(Instructions for the task):
Go to the line with "Vitalsign Signature T-shirt (Lightblue)" in the material below and copy from there through the line with "Watson-Guptill - Simplified", exactly. Pictures are not copied.

(Available data):
#####
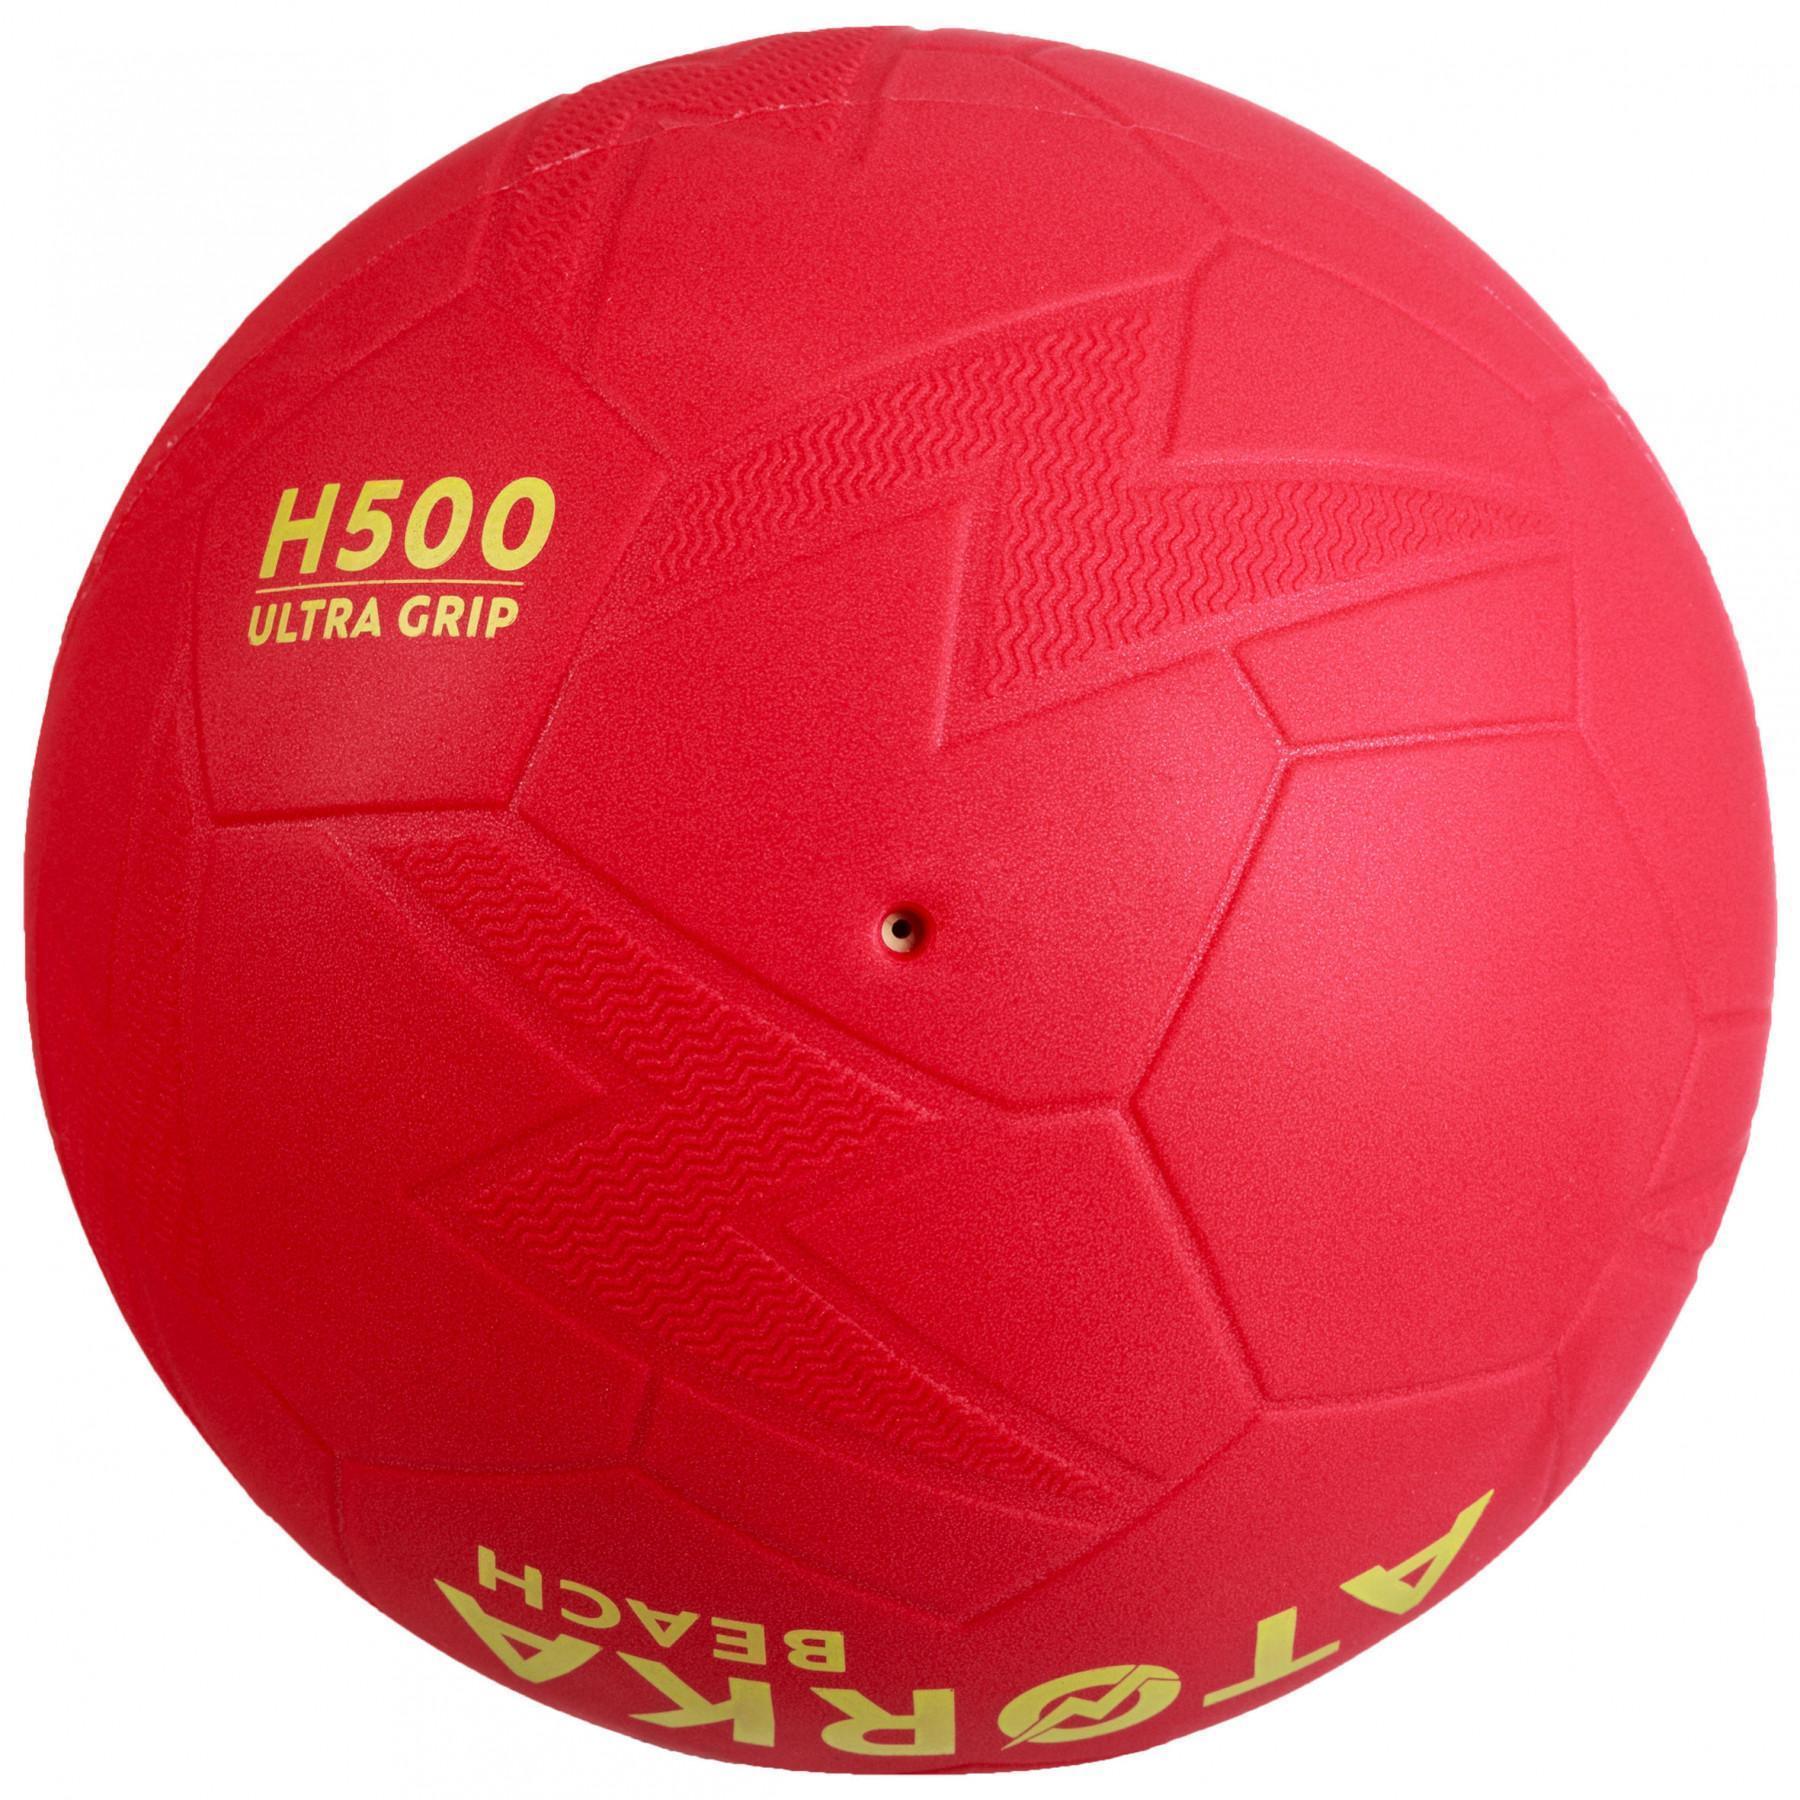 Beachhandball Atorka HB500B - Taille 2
#####
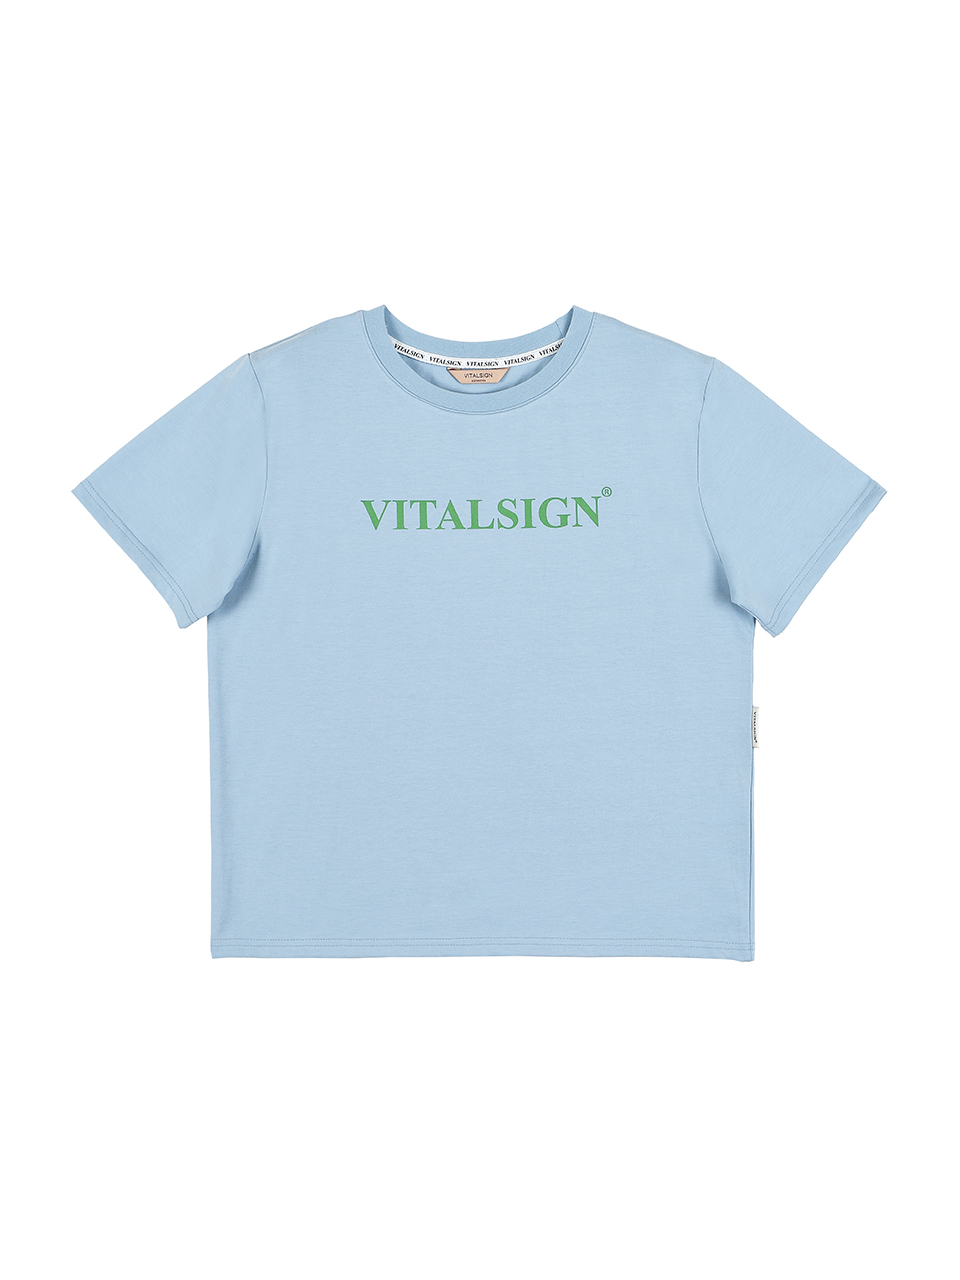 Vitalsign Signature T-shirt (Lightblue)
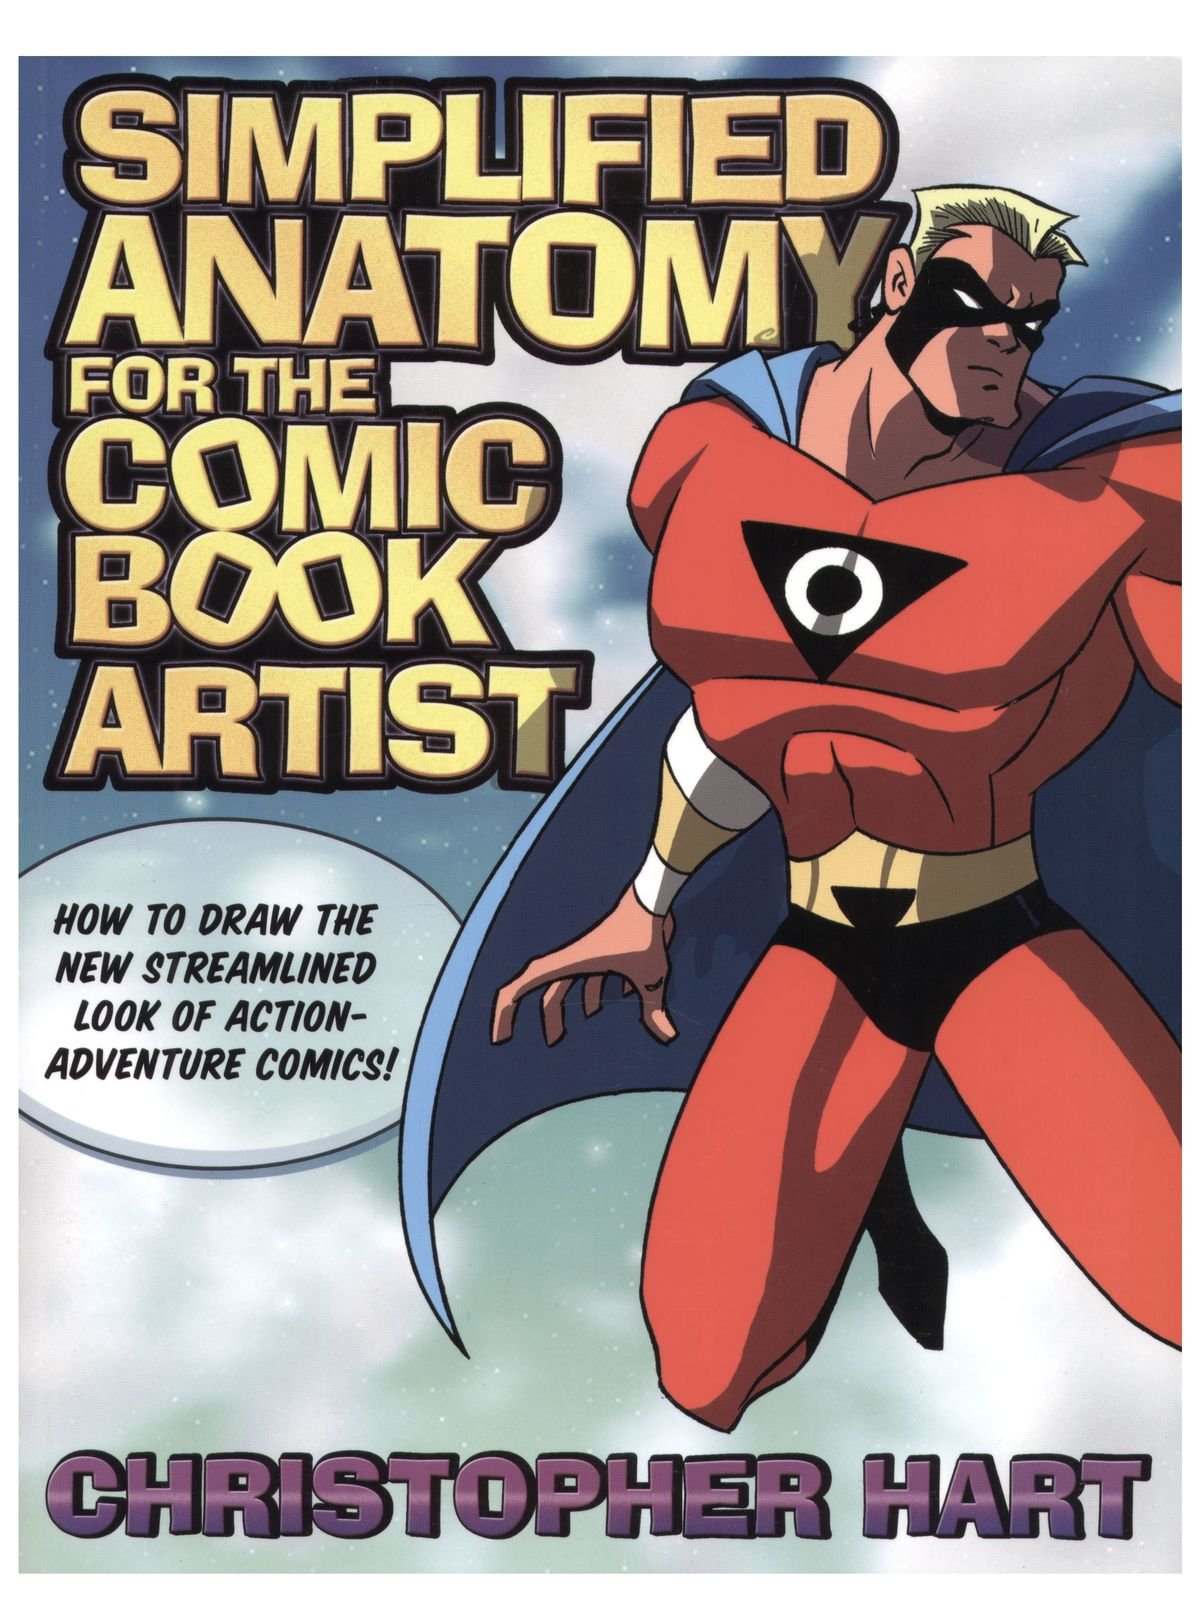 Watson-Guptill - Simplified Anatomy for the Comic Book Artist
#####
(Solution to this task):
 Vitalsign Signature T-shirt (Lightblue)
 Watson-Guptill - Simplified Anatomy for the Comic Book Artist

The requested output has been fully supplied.